── Task data

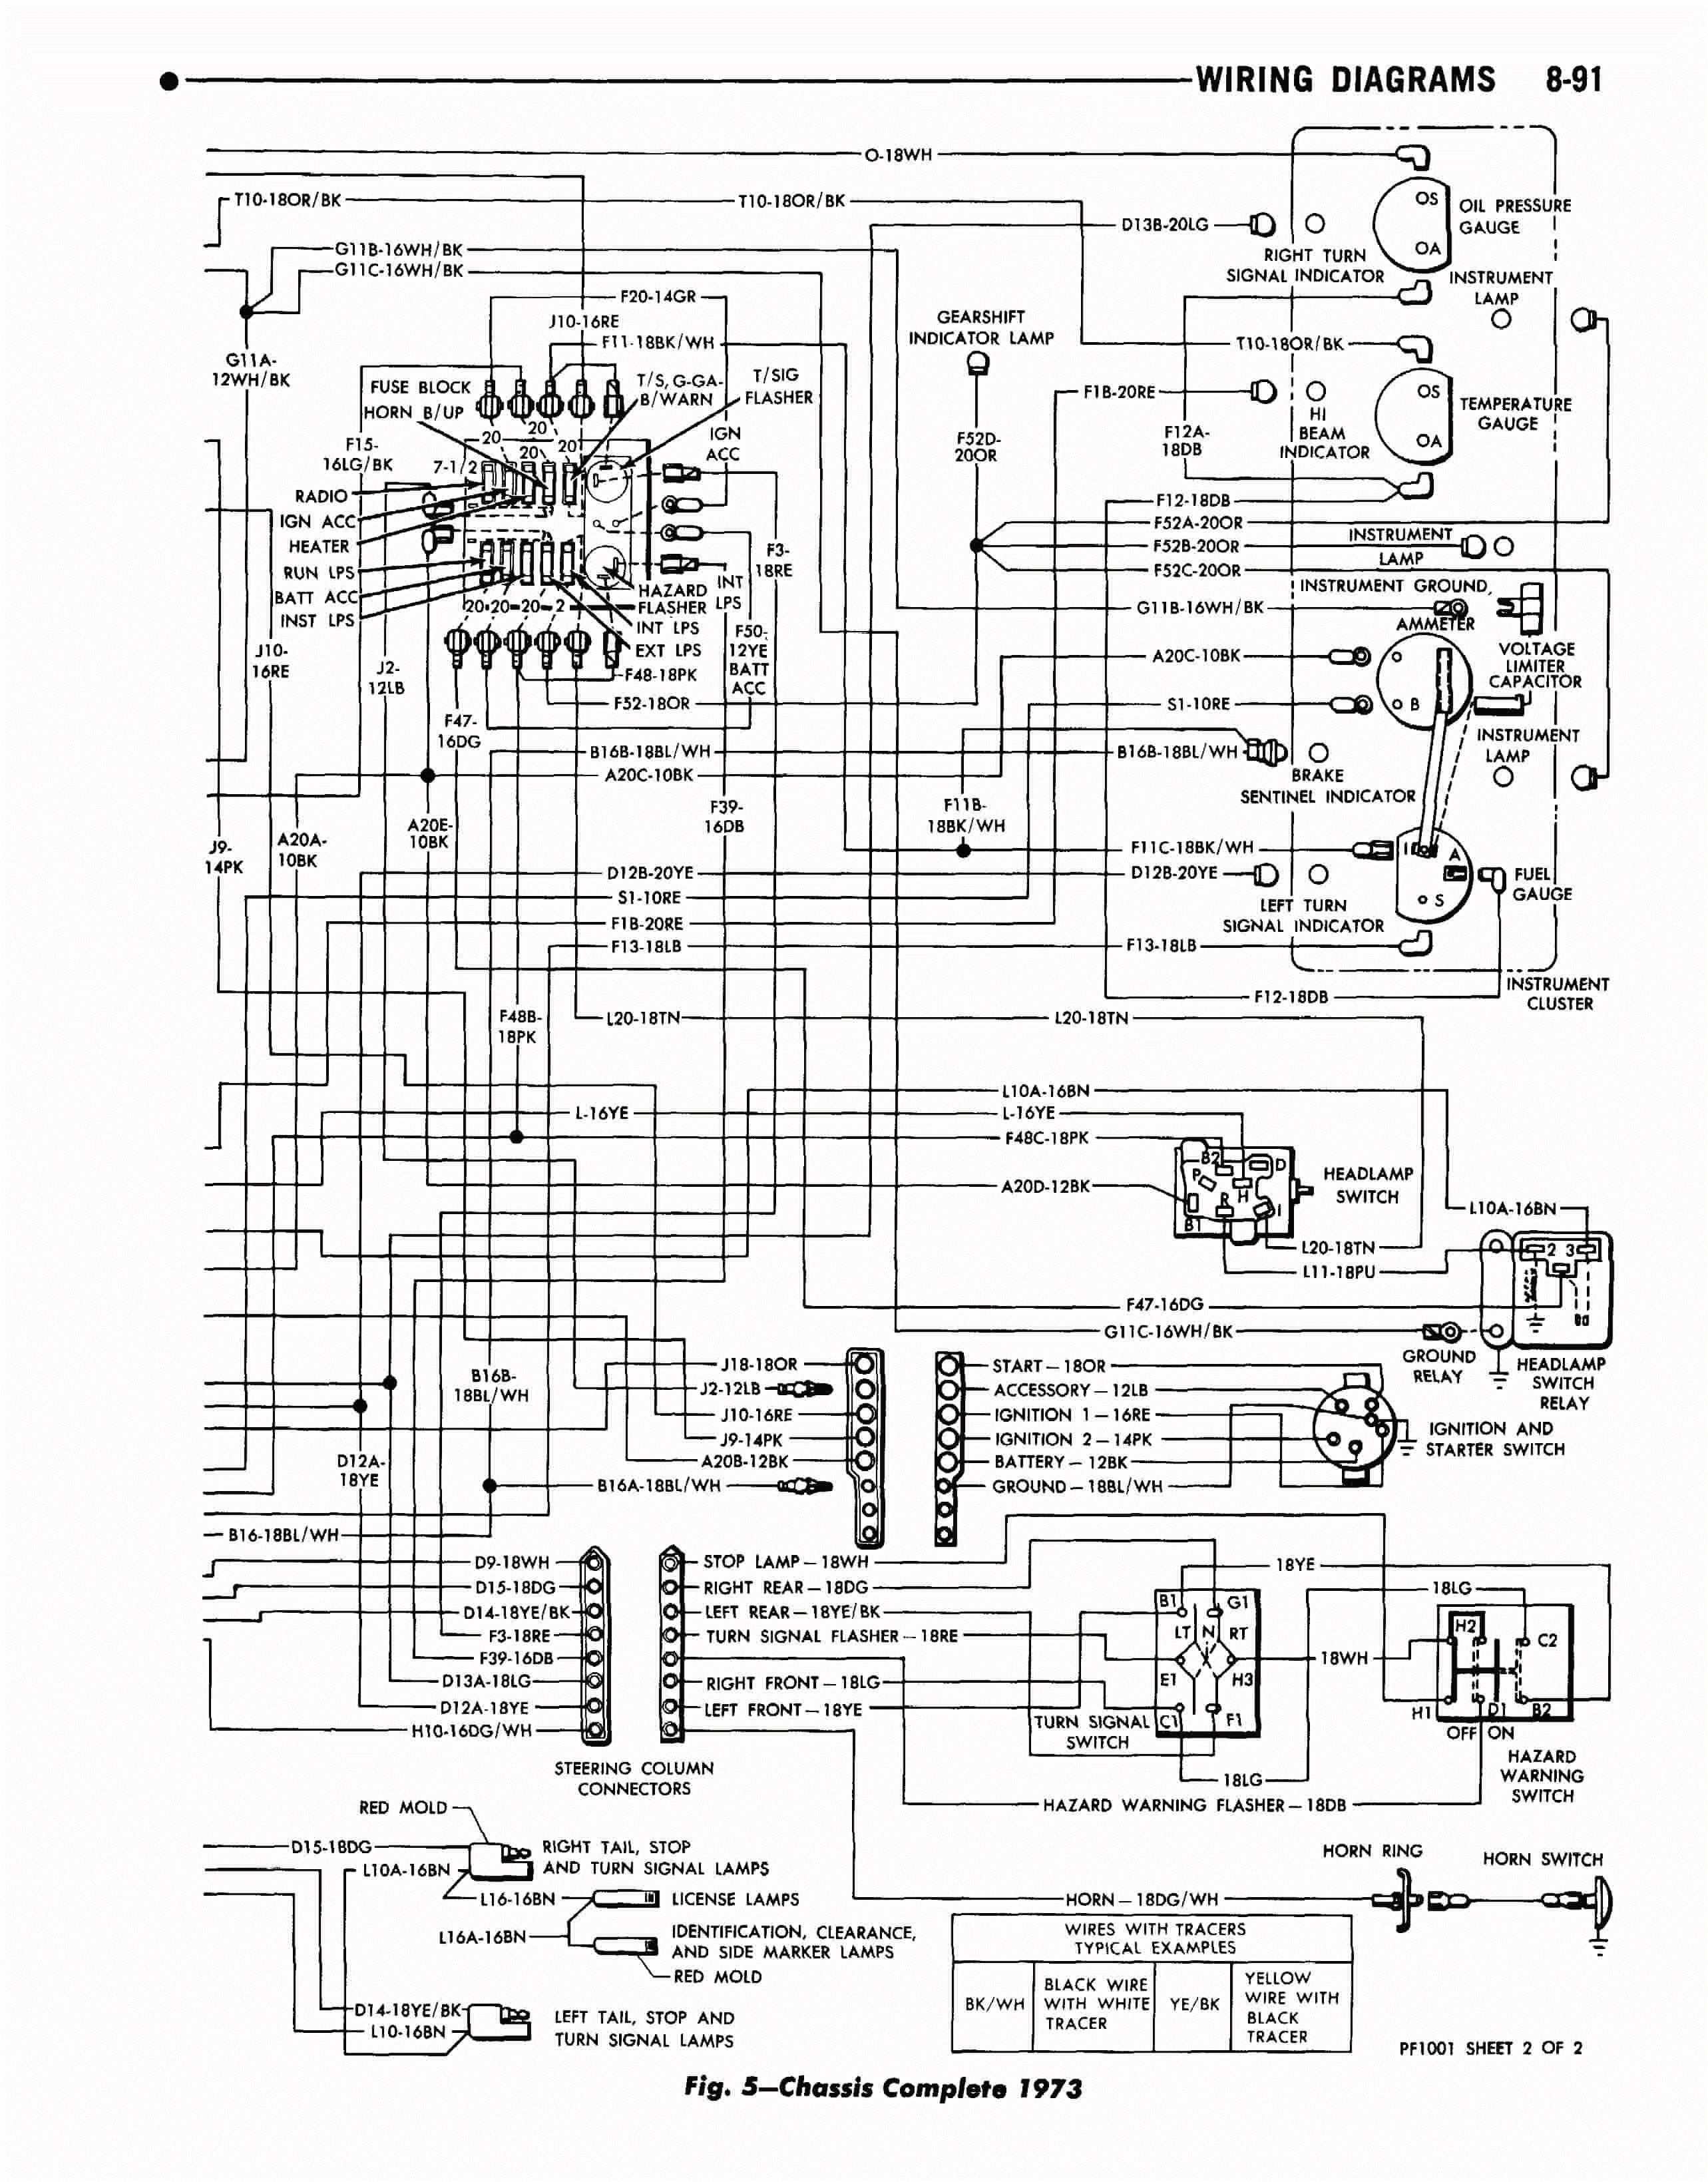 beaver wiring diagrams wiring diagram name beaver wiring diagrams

────
── Task data

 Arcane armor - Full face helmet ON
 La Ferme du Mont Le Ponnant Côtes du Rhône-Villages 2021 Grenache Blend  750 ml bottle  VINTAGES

────
── Task data

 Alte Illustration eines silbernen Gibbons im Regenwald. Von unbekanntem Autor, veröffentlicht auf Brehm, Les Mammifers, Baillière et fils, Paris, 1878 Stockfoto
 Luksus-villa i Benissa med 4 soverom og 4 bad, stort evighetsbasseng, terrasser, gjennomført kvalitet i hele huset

────

*Task requirements:* Whatever else the listing above holds, retype exactly only the lines from the one containing "Alte Illustration eines" to the one containing "Luksus-villa i Benissa", both ends kept.

*Solution for this problem:*
 Alte Illustration eines silbernen Gibbons im Regenwald. Von unbekanntem Autor, veröffentlicht auf Brehm, Les Mammifers, Baillière et fils, Paris, 1878 Stockfoto
 Luksus-villa i Benissa med 4 soverom og 4 bad, stort evighetsbasseng, terrasser, gjennomført kvalitet i hele huset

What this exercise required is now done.